Downtown nonprofit cityLAB said Friday that it is preparing to start an online fundraising campaign to attain about $100,000 so it can build a 350-square-foot home on North Atlantic Avenue. It will be part of a larger crowdfunding effort the nonprofit is starting called Small Change.

The tiny house project has an overall price tag of $190,905, about a third of which is needed to prepare the vacant lot for construction. That includes a $49,000 grant from the city's Urban Redevelopment Authority, a $27,500 grant from nonprofit Bloomfield-Garfield Corp., an $11,000 grant from nonprofit Neighborhood Allies and a $3,905 donation of kitchen and bathroom materials from furniture chain IKEA.

URA on Thursday approved awarding its grant.

CityLAB predicts it will sell the home for $99,500.
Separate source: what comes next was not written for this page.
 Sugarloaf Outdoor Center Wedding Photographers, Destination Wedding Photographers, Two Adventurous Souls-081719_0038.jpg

“Typically, a bank would finance the majority of a construction loan,” cityLAB wrote on its website.

“But since the Garfield tiny house is the first tiny house to be built in Pittsburgh, there are no comparables, and since there are no comparables, there is no established market. This is a problem for most banks,” cityLAB said.

Through the crowdfunding effort, investors in the tiny house project stand to “get their money back and hopefully a small return,” said cityLAB President and CEO Eve Picker.
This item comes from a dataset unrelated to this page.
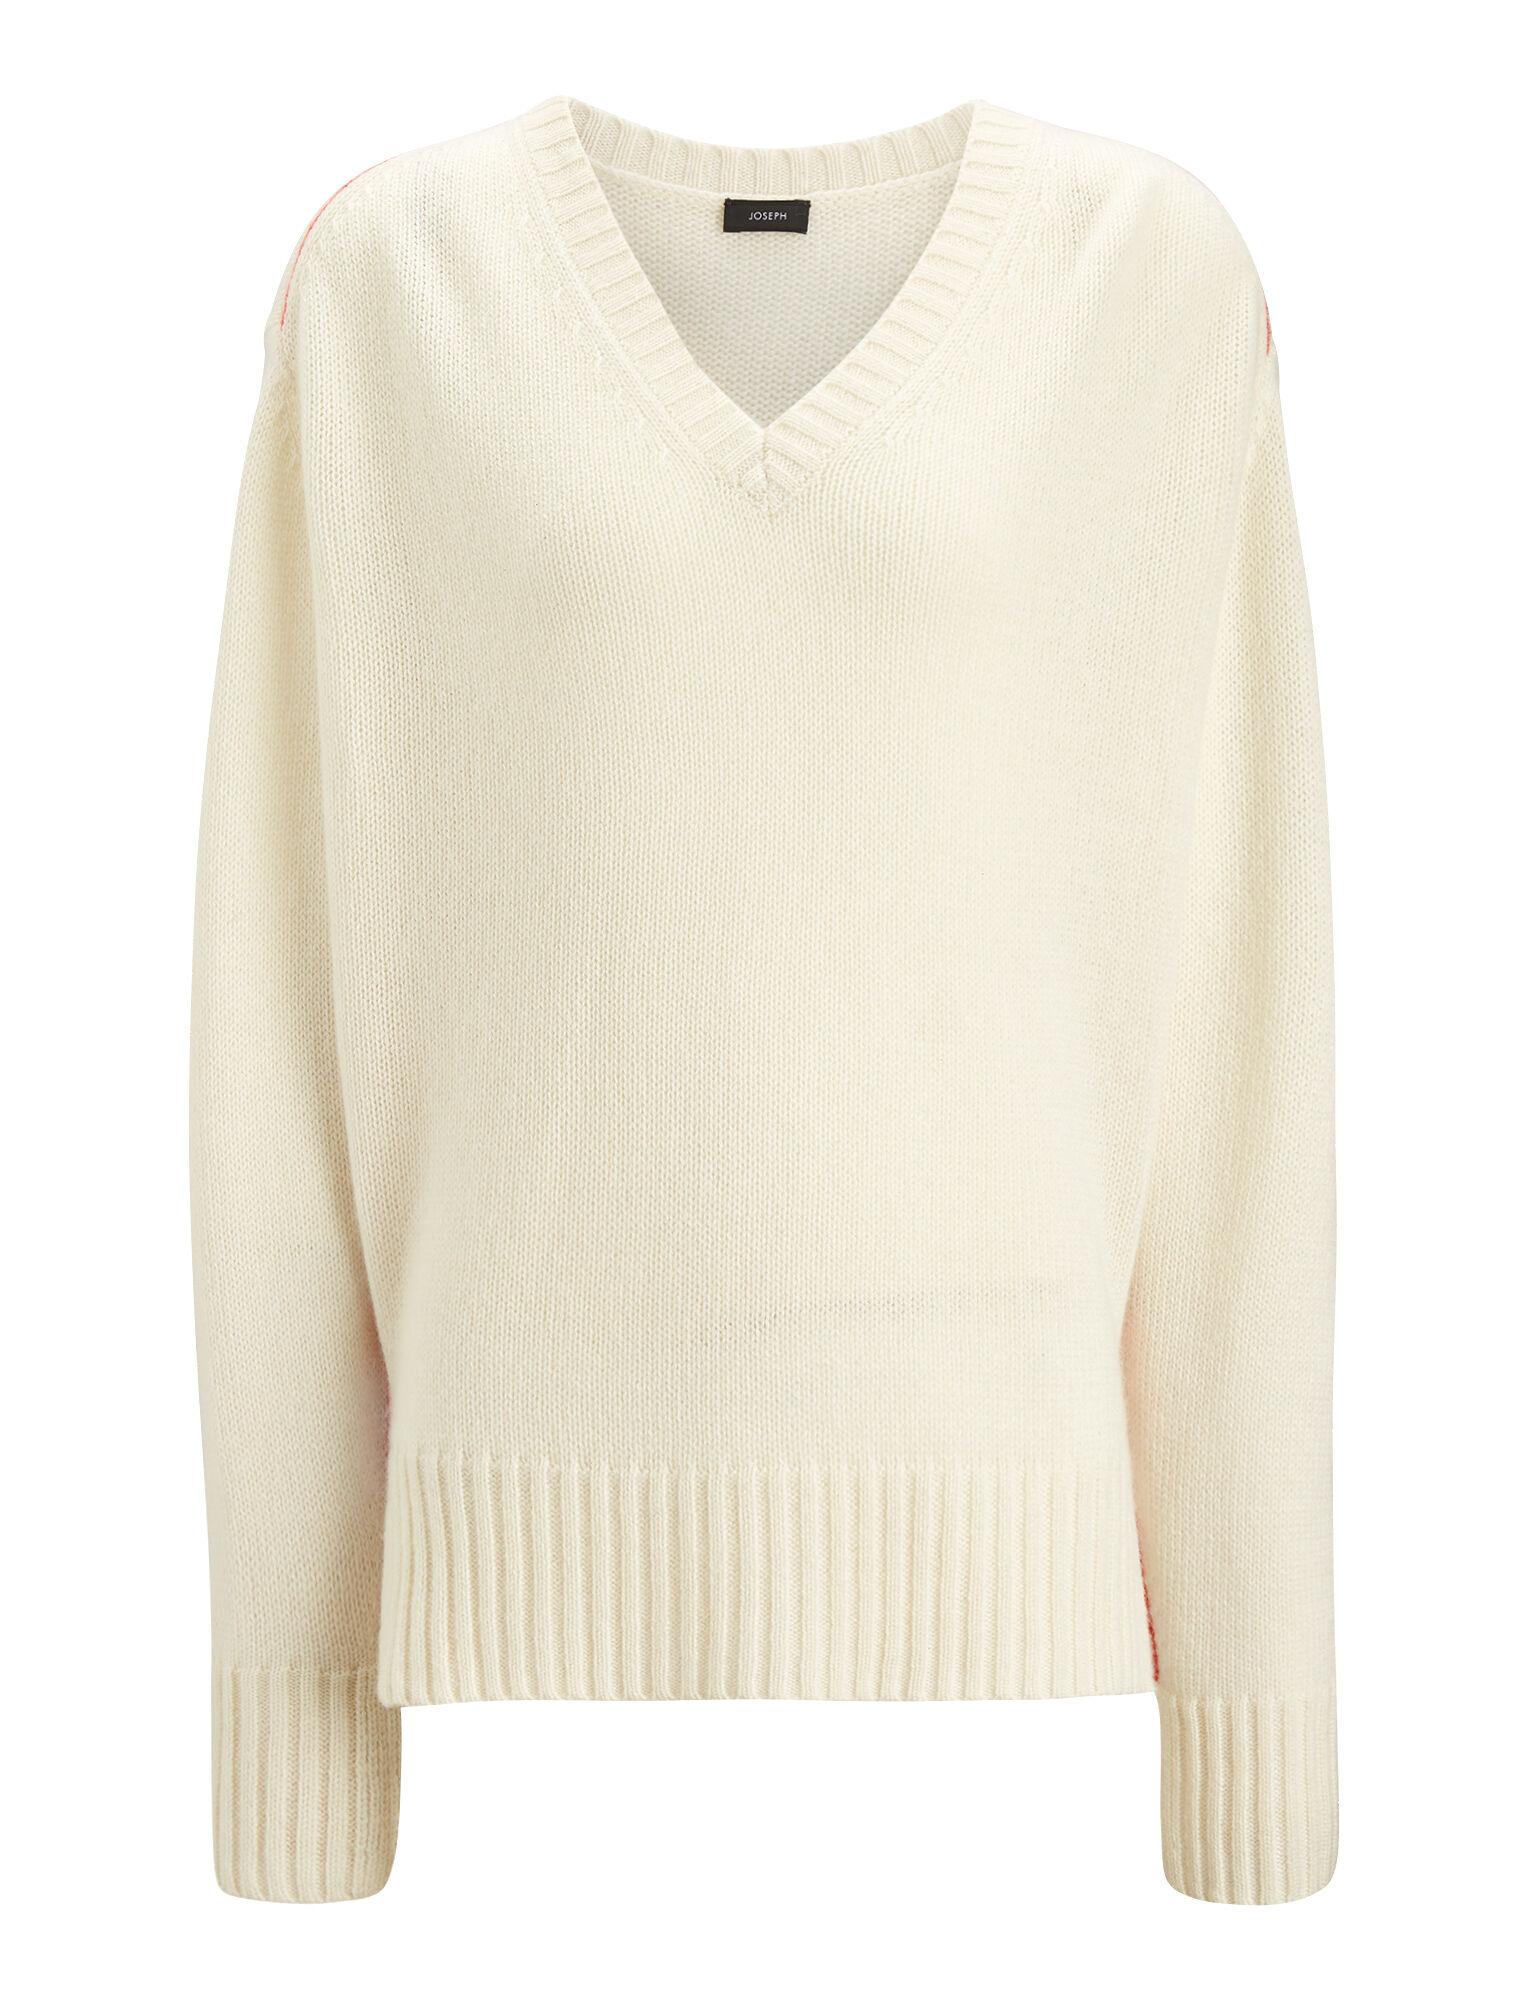 22af1e6acb05 V Neck Open Cashmere Knit in White

Tiny houses — newly constructed homes of up to 900 square feet — have gained a lot of attention in recent years. Books, documentaries and television shows focus on what serves as a countertrend to Americans' appetite for bigger homes. The average size of a home built last year was 2,657 square feet, up from 1,660 square feet in 1973, census data show.

Picker said it will cost about $65,000 to prepare the vacant lot for a home, including running utilities to the site. She would like to build six more tiny homes in Garfield in a second phase of work, and thinks that doing so simultaneously could reduce average site preparation costs.
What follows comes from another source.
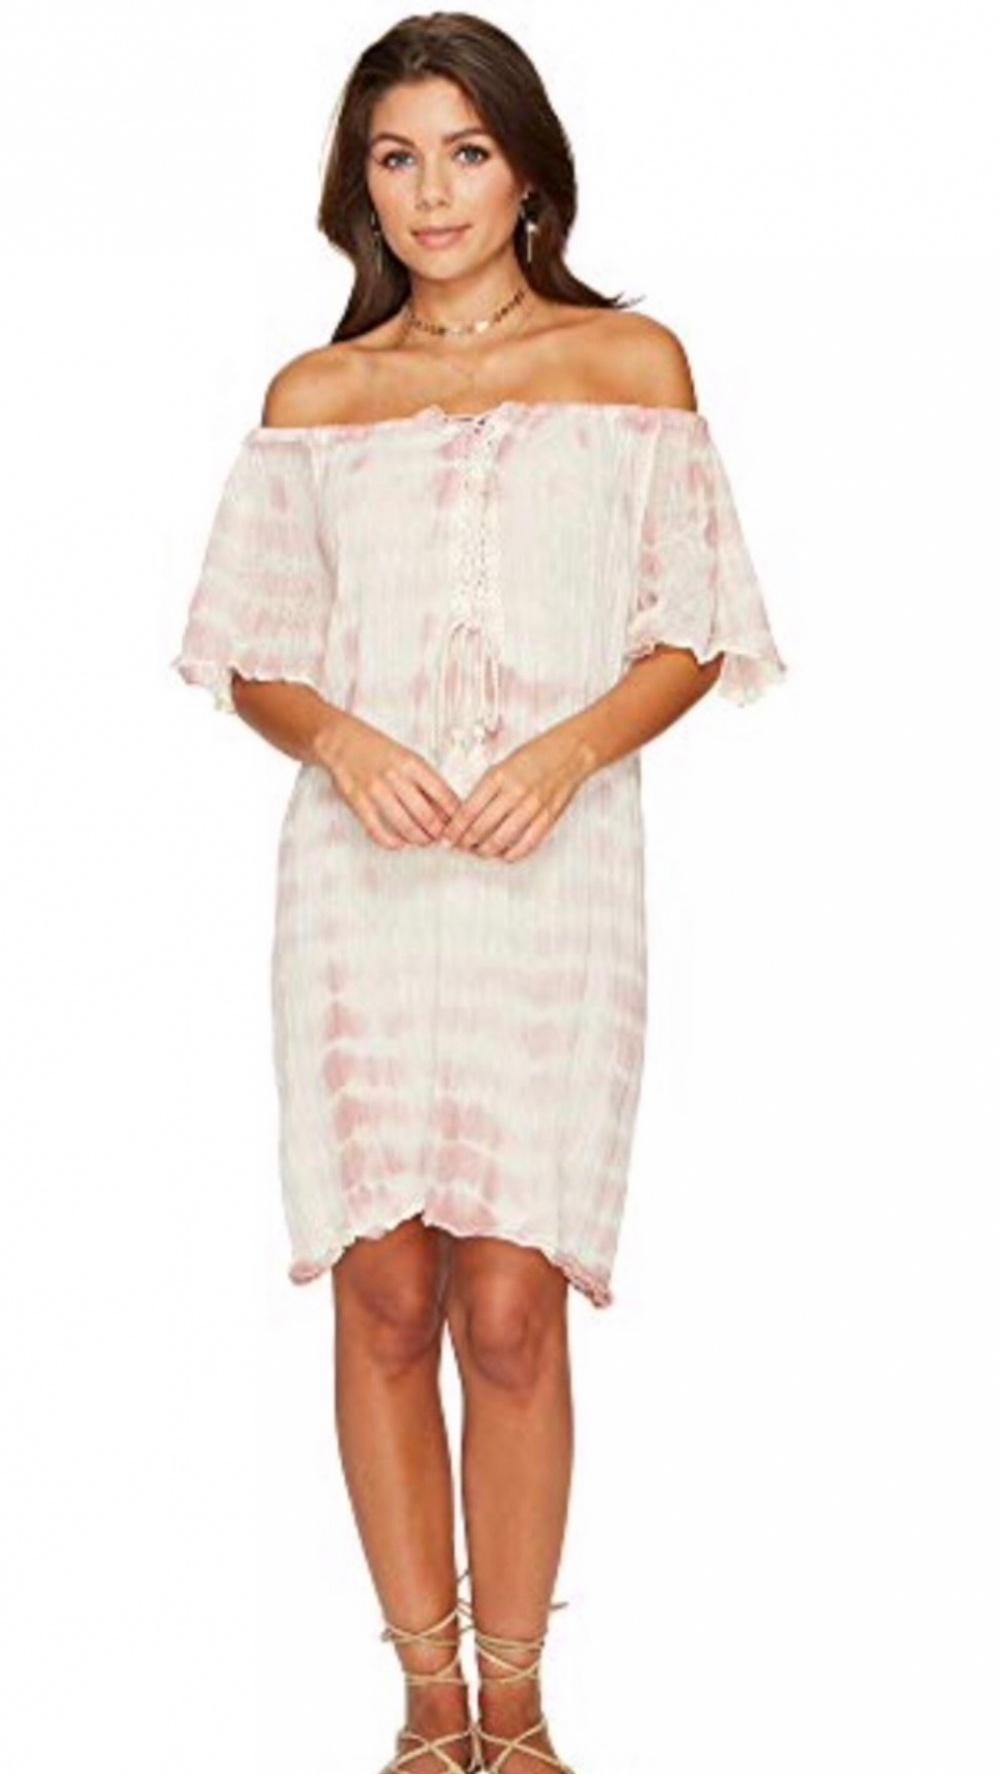 Пляжное платье Jen's Pirate Booty.   Размер 42-46
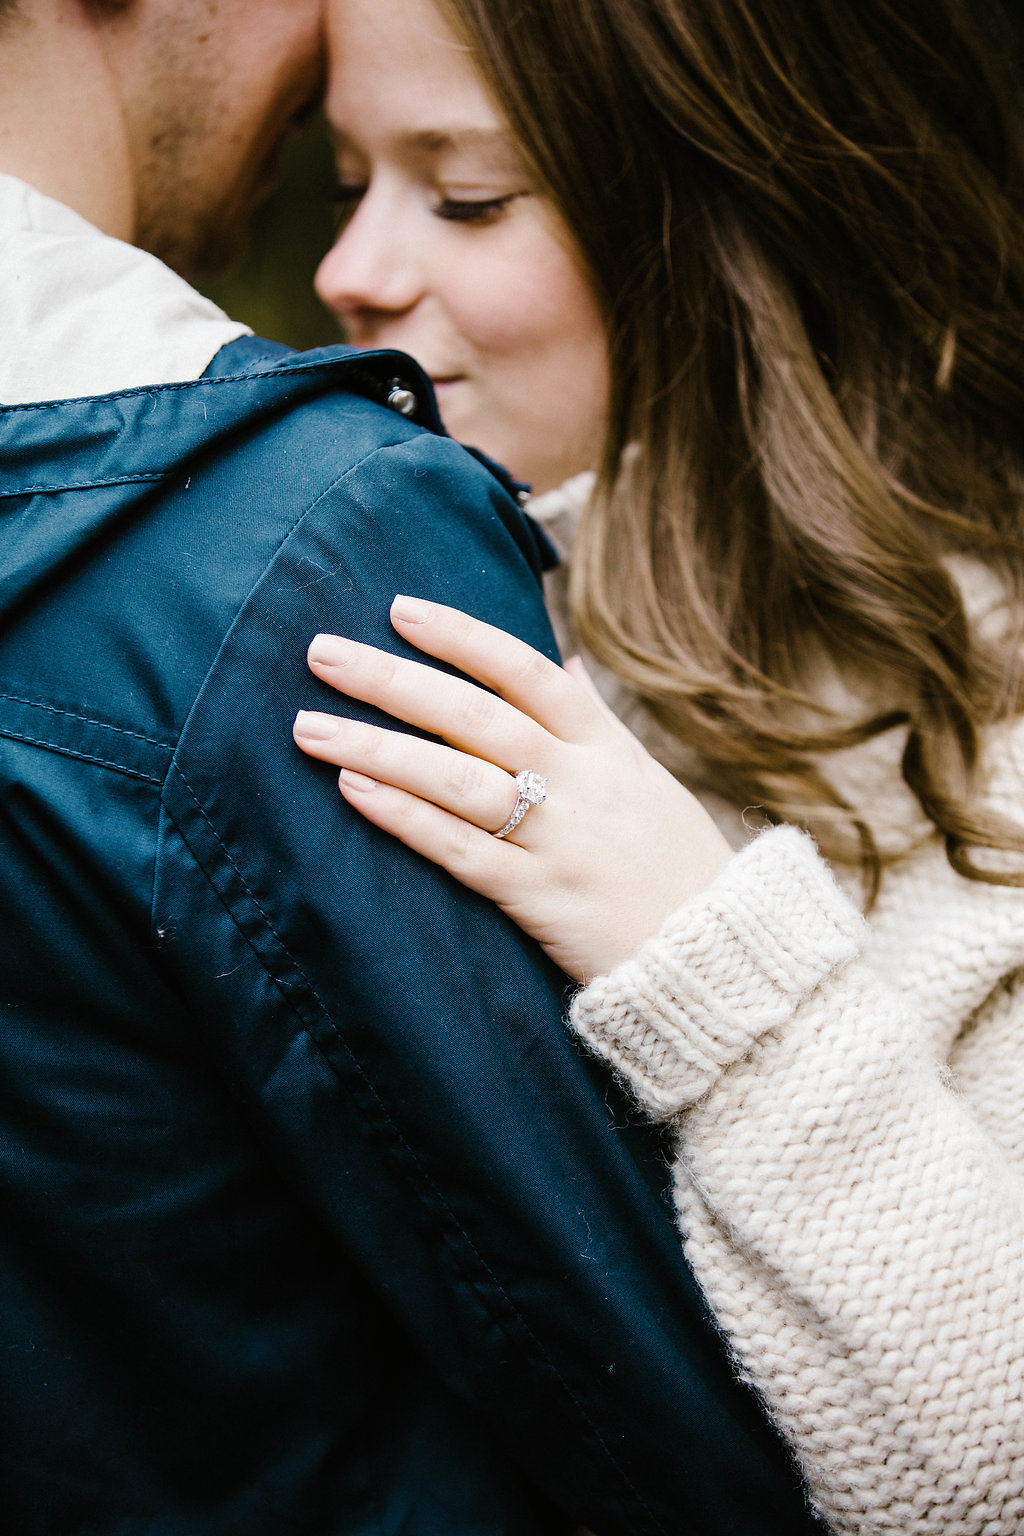 lexi-joey-pioneer-square-engagement-by-Seattle-Wedding-Photographer-Adina-Preston-32.JPG

“We'd pay a consultant at least $49,000 to look at these issues (related to tiny-home development), so I think this is a worthwhile investment,” URA Chairman Kevin Acklin said Thursday before the agency's board approved awarding its grant.

Garfield is home to about 3,700 people — down from more than 11,000 in the mid-1900s — and has more than 300 vacant lots. Picker thinks developers might be able to fill in the empty lots more quickly with tiny houses, bring more inexpensive new homes to the market and, should the effort take off in Garfield, make the neighborhood a destination.